How to complete this task >> Copy the data that follows exactly. Include no pictures.

Exercise data >>
——————————
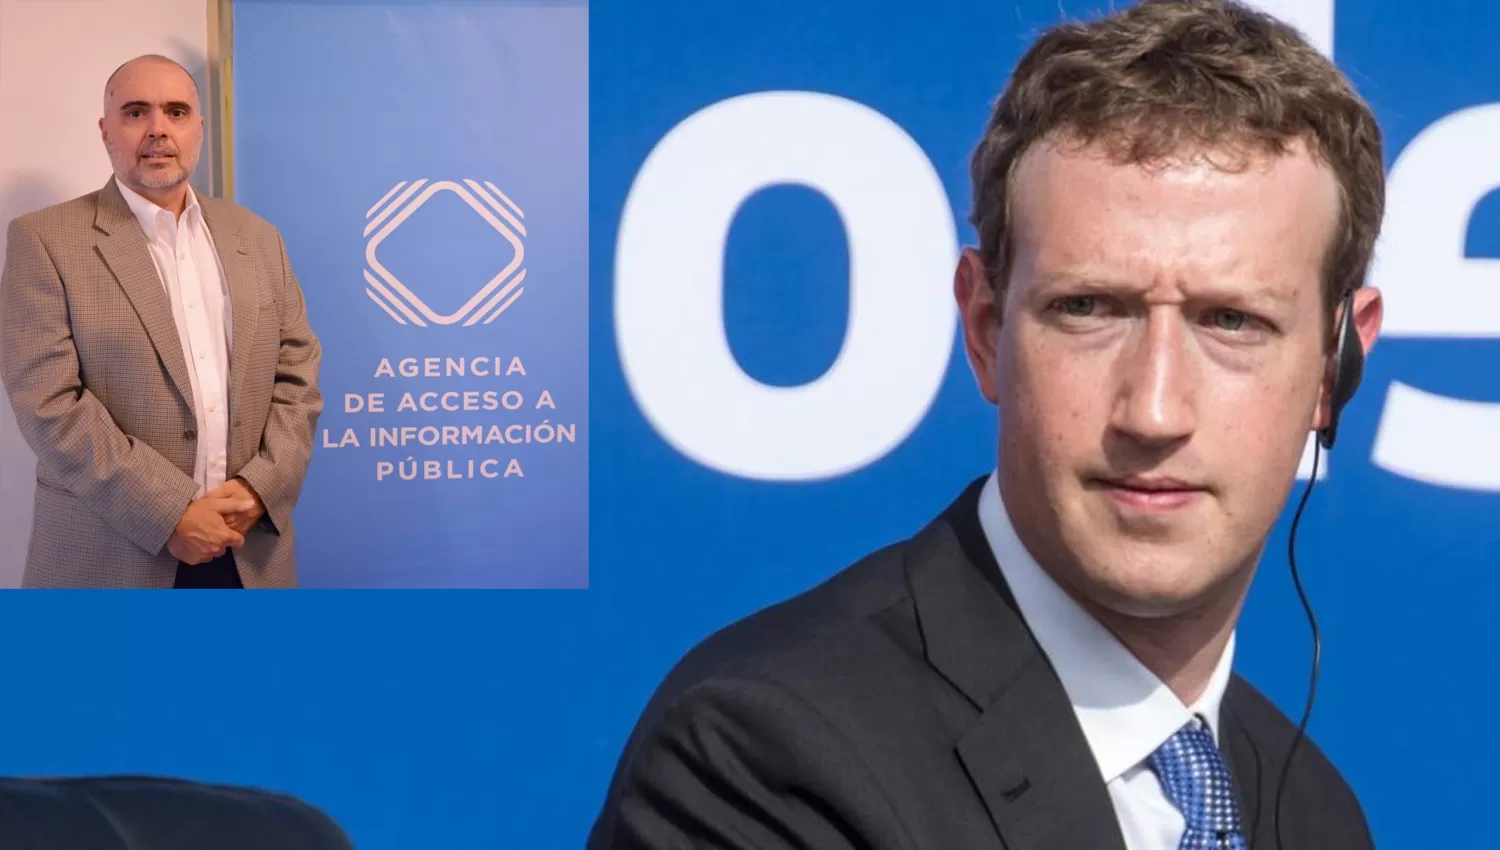 Alberto Bertoni, Director de la Agencia Argentina de Información Pública (izquierda) y Mark Zuckerberg, propietario de Facebook (derecha).
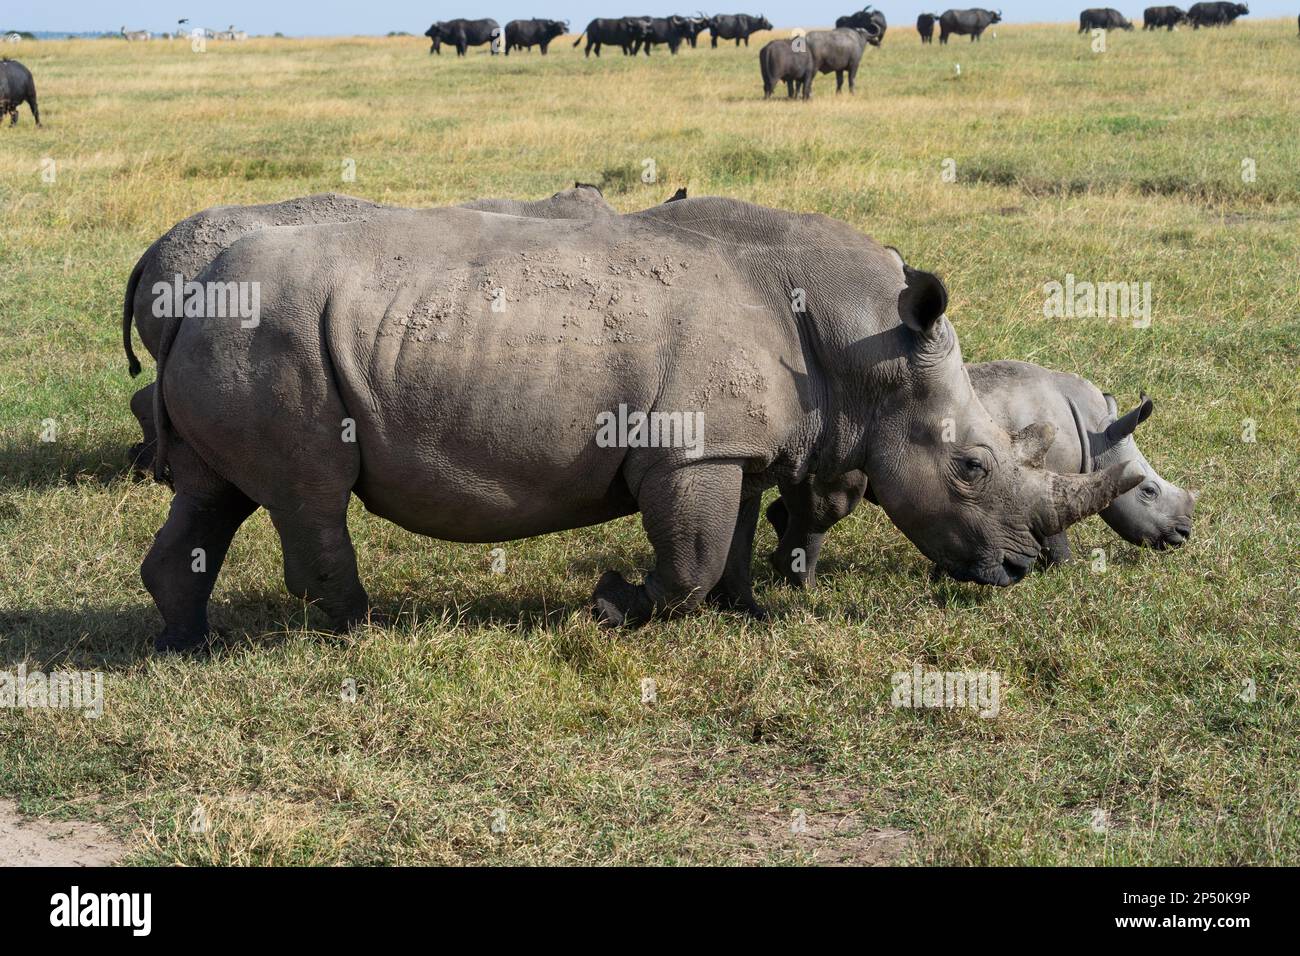 Madre y bebé del rinoceronte blanco del sur en OL Pejeta Conservancy Kenia Foto de stock
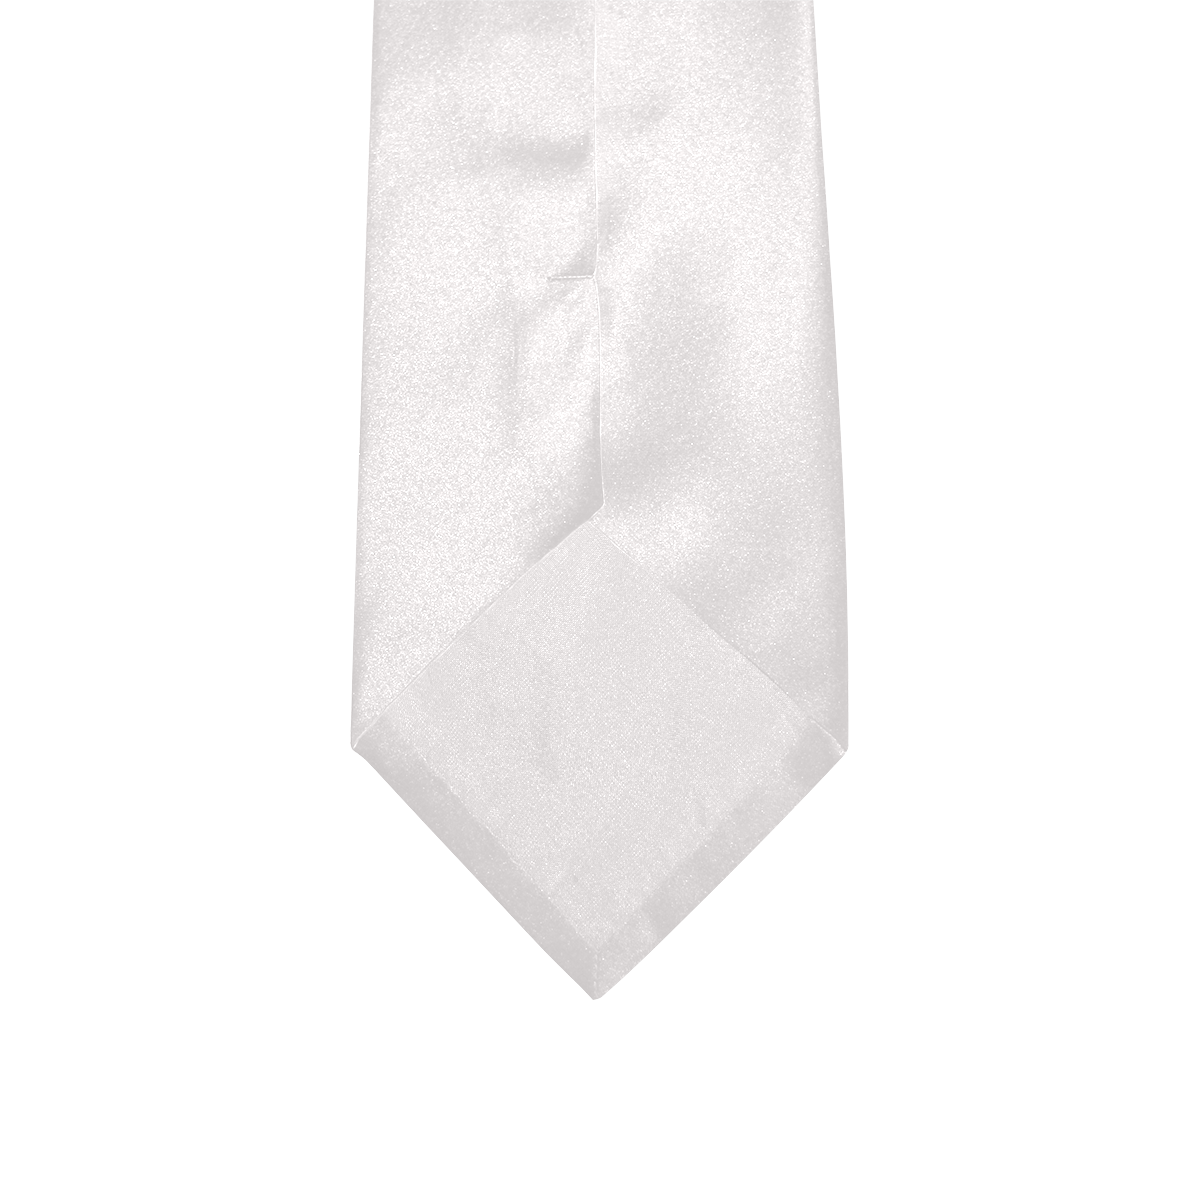 Custom Peekaboo Tie with Hidden Picture
——————————
Exercise output >>
 Alberto Bertoni, Director de la Agencia Argentina de Información Pública (izquierda) y Mark Zuckerberg, propietario de Facebook (derecha).
 Madre y bebé del rinoceronte blanco del sur en OL Pejeta Conservancy Kenia Foto de stock
 Custom Peekaboo Tie with Hidden Picture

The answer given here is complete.